Миры Роджера Желязны. Том 14. Рассказы - Желязны Роджер 20 стр.


Нечто вроде экзорцизма

Биллу Молдину, вспоминая о доброте

Я только что понял, что этот сборник рассказов будет первым после "Варианта единорога", увидевшего свет в 1983 году. С тех пор я приобрел кота по имени Эмбер, получил черный пояс по айкидо и еще две премии Хьюго, купил футов двадцать полок набитых книгами; в мою честь назвали паука {Sclerocypris zeiaznyi - спасибо вам, доктор Мартенс), и я напрасно похвастал этим перед Джеком Холдеманом II, в честь которого в свое время был назван ленточный червь (Hymenapolis haldemonii - надо быть очень осторожным в выборе прототипов своих героев, Джей отчасти смахивает на Фреда Кассиди). Вот что я могу ответить тем из вас, кто интересуется, какие события произошли, в моей жизни. А дом мой стоит все на том же холме в Нью-Мексико, и живу я в нем все с той же долготерпеливой женщиной, Джуди, теперь уже адвокатом.

Я с удовольствием предвкушал отбор рассказов и составление нового сборника, хотя это неизбежно влечет за собой необходимость писать введение занятие, обычно вызывавшее у меня стойкое отвращение, но и, как выяснилось, подталкивающее меня к совершенно новым формам размышлений о писательстве, и о моем писательстве в частности. Я обнаружил, что раз в несколько лет туманное философствование об этом роде занятий на пространстве в несколько страницечасов доставляет мне удовольствие.

Герои некоторых моих рассказов, такие, как Дилвиш, Калифрйки, Мари или Конрад, приходят ко мне из ночи, завладевают моим вниманием и ждут. Затем появляются обстоятельства, выстраиваются события, и рассказ струится подобно тени. Обычно это длинные вещи, иногда такие истории выливаются в романы. Явившись мне однажды в виде нечетких форм, они существуют для меня как привидения, пока я не перенесу их на бумагу.

В других случаях первой появляется мысль, и я должен искать героев, чтобы выразить ее - как, скажем, в "Ночных королях", где каждый персонаж пришел, в ответ на мое мысленное объявление; "Требуется помощь", не позже чем через полчаса после рождения идеи, Так часто, случается с короткими рассказами.

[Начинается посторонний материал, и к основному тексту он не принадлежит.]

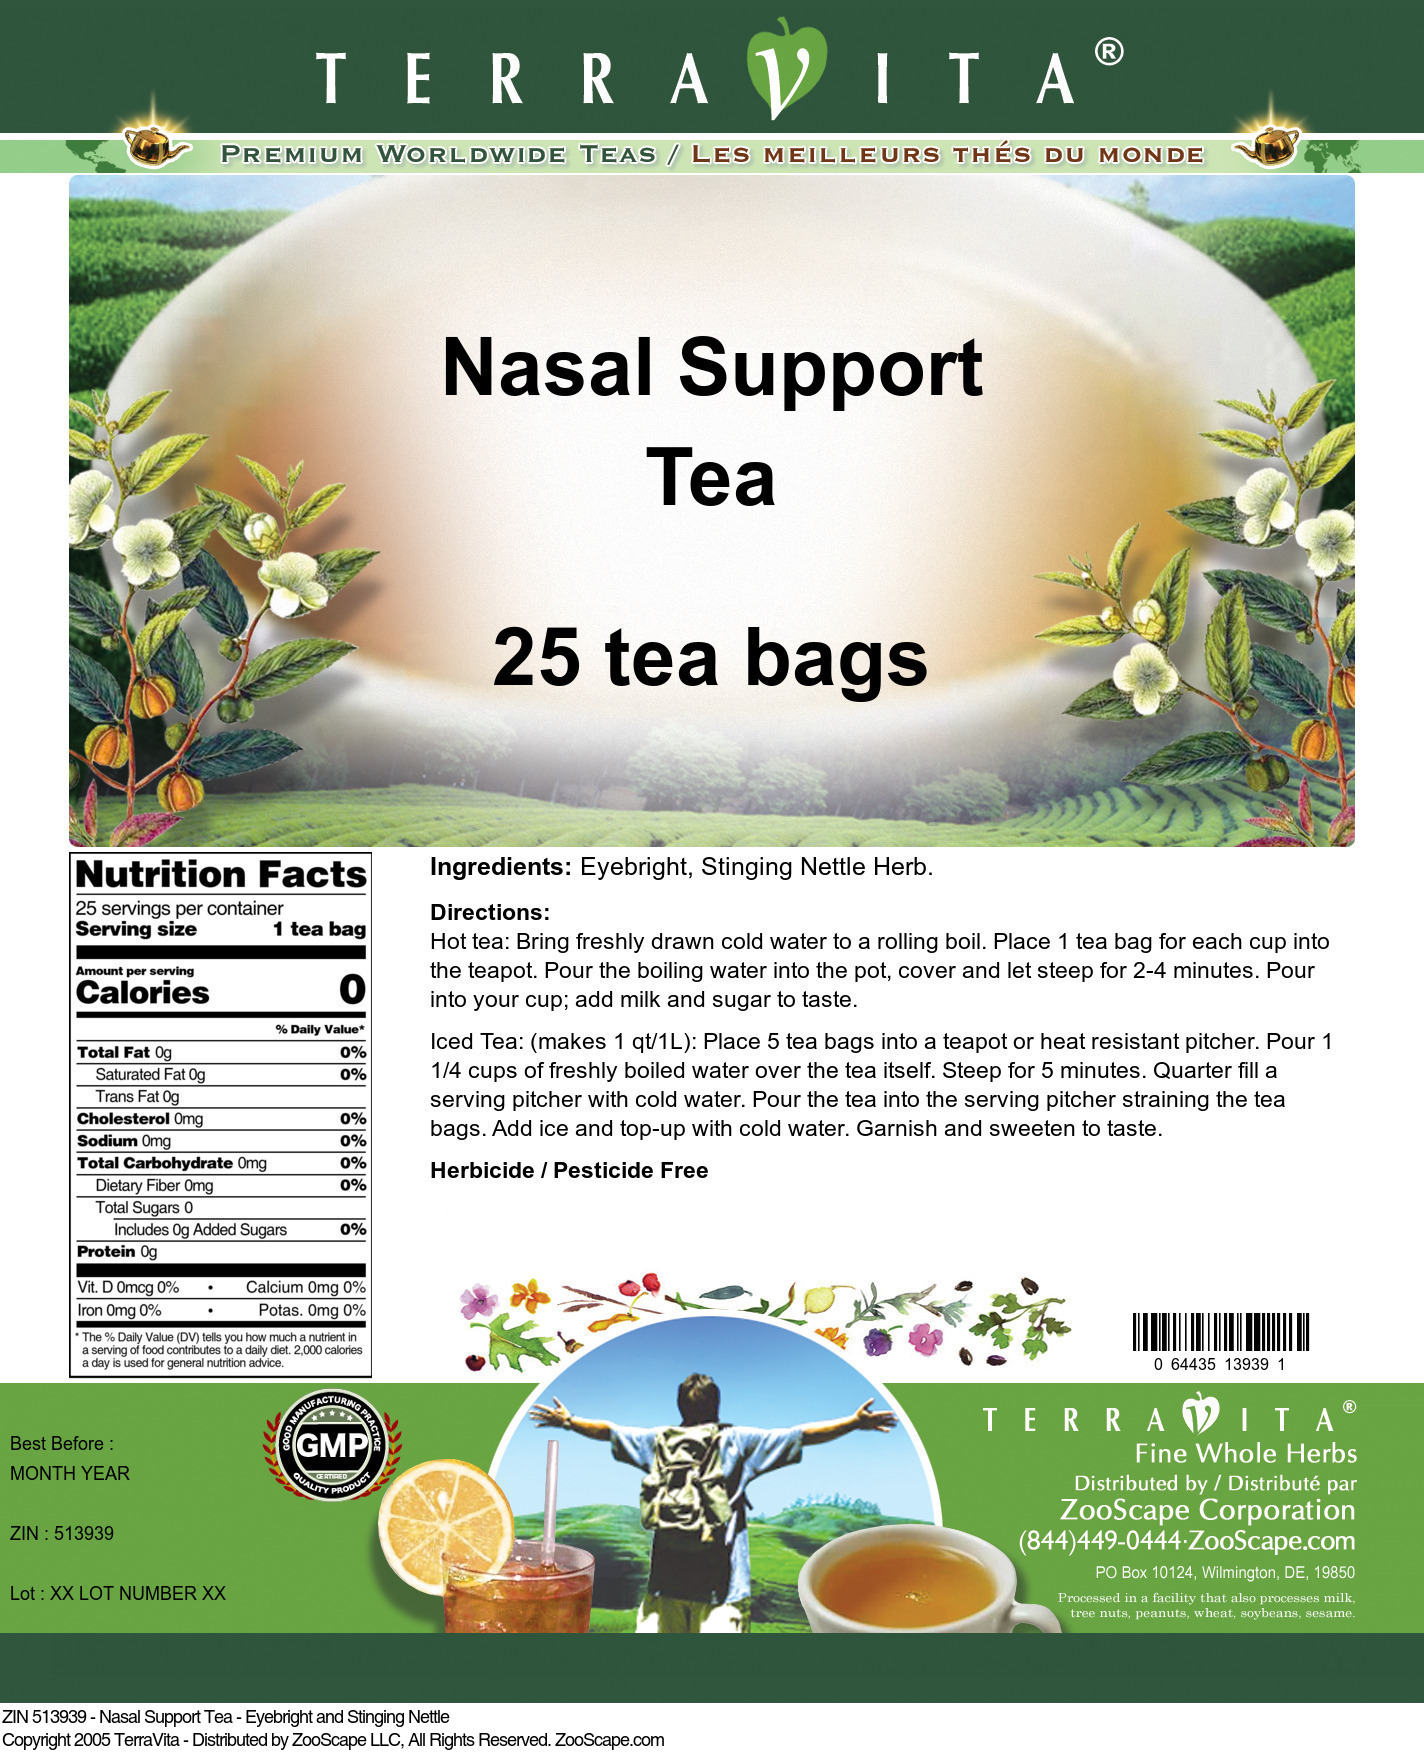 Nasal Support Tea - Eyebright and Stinging Nettle

Наконец, существует рассказ впечатляющего образа. Но сначала позвольте мне прерваться и кое-что объяснить.

Каждый день я читаю стихи. Мне кажется, это самая необходимая вещь для тех, кто пишет прозу, - как ежедневная пробежка, которая поддерживает бодрость тела, Много лет тому назад я предпочитал стихи с педантичной точностью и логической ясностью. Я долгое время не мог наслаждаться только языком или образным строем поэтического произведения, и так продолжалось до тех пор, пока я не натолкнулся на Дилана Томаса. Сначала это была случайность, и мало кто мог произвести на меня такой эффект, Рильке мог бы. А. Р. Аммонс - иногда. Некоторые вещи Лорки. Но, только столкнувшись с творчеством У. С. Мервина, я осознал, что могу быть счастлив, любуясь одними образами, если они созданы человеком с исключительно чутким восприятием мира, личностью, которая проникает в сущность вещей способом, в чем-то созвучным моему, напоминая мне вновь чье-то наблюдение.

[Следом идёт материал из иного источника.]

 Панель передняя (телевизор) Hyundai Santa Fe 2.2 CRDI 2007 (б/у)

Слово-образ в сиянии своем Цепко держит утихшую иву.

И такого рода поэзия воздействовала на меня долгие годы.

Я паразитирую на притягательных образах, и есть целые рассказы или разделы книг, которые возникли из впечатляющего образа - робот, ломящийся через кладбище миров в "Человеке, который любил Файоли"; Палач, плывущий вверх по Миссисипи как Ангел Смерти; нисхождение Сэма в преисподнюю в "Князе Света"; разрушение Мировой Машины в "Джеке из Страны Теней"; Время, представляемое как сверхскоростное шоссе в "Дорожных знаках".

Из этих трех дверей в фантастику - для меня - истории, начало которым дают герои, наиболее ярки во всех отношениях, хотя рассказы, возникающие из образов, часто воздействуют почти магически и доставляют массу удовольствия при их написании. Обычно хороший результат получается, когда впечатляющий образ объединяется с рассказом, рожденным явившимся автору героем, или с историей, развившейся из некоей идеи.

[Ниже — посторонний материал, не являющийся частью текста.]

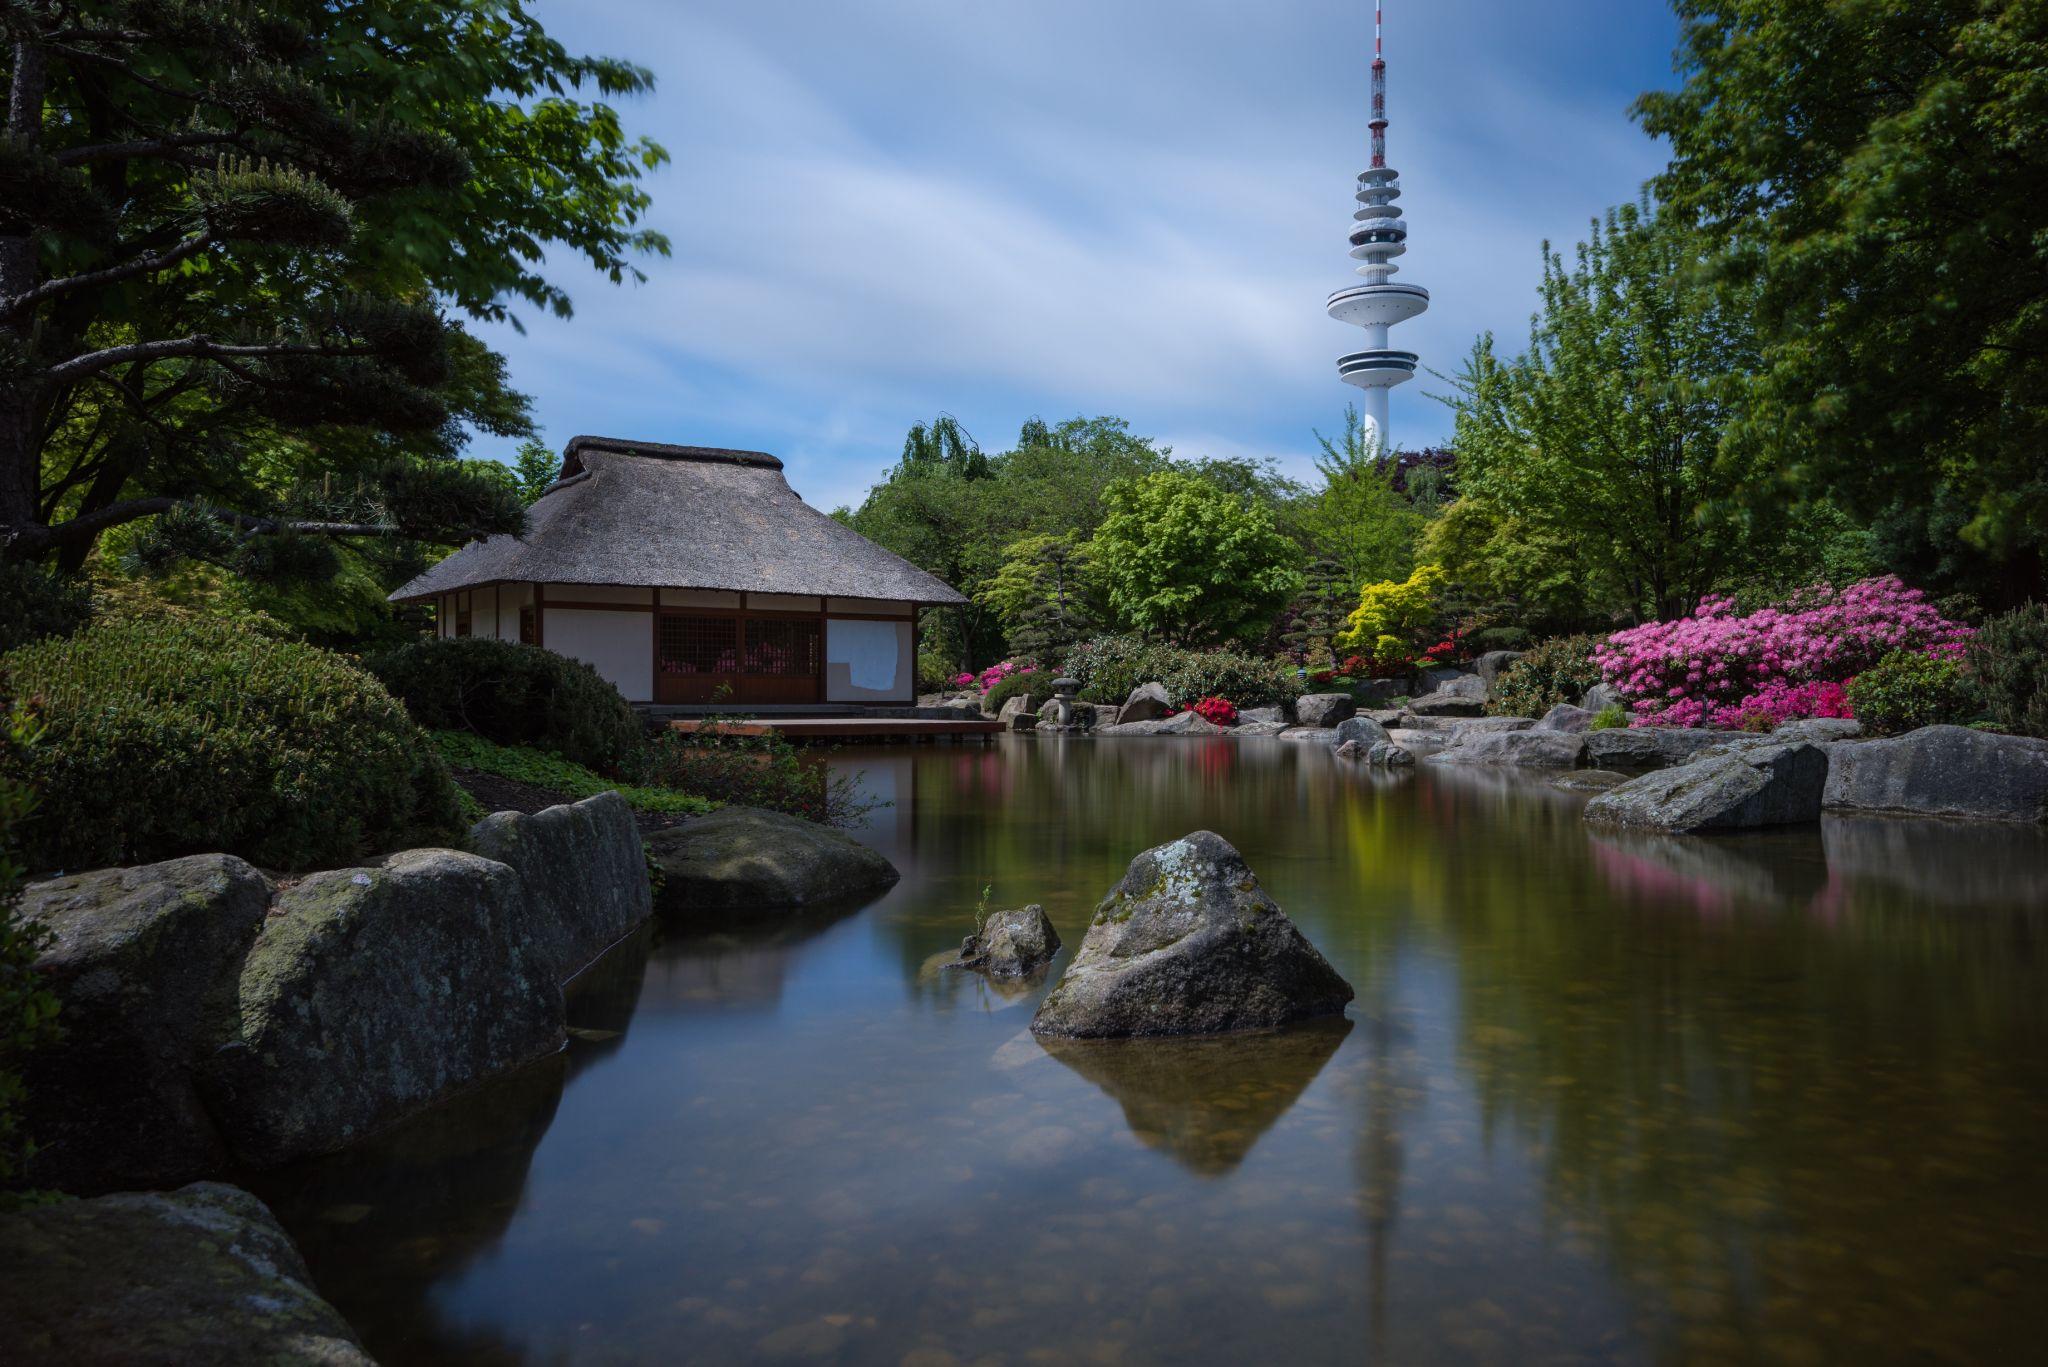 Japanese Garden in 'Planten un Bloomen', Germany

Обычно - но не всегда. Научную фантастику часто рассматривают как "литературу мысли". Это, разумеется, не означает, что каждый рассказ, возникший из какой-либо мысли, автоматически становится образцом жанра, даже если он основан на самых свежих научных изысканиях. Такие рассказы могут быть очень разными, в зависимости от того, кто и как ответил на призыв: "Требуется помощь". В действительности у меня время от времени возникает странная (но преодолимая) рабочая проблема: появляются и отказываются уходить "неправильные" персонажи, устраивая своего рода сидячую забастовку на пространстве идеи, порождающей рассказ. Я-то знаю, что они принадлежат другому произведению и разрушают то, которому вроде бы дали жизнь. Это похоже на Пиранделло. Своим присутствием они портят идею до такой степени, что ничто уже не может исправить положения. В таком случае я обычно отступаю с отвращением и стараюсь забыть всю вещь. Там, откуда они пришли, есть множество других героев. Так кому нужны такие осложнения?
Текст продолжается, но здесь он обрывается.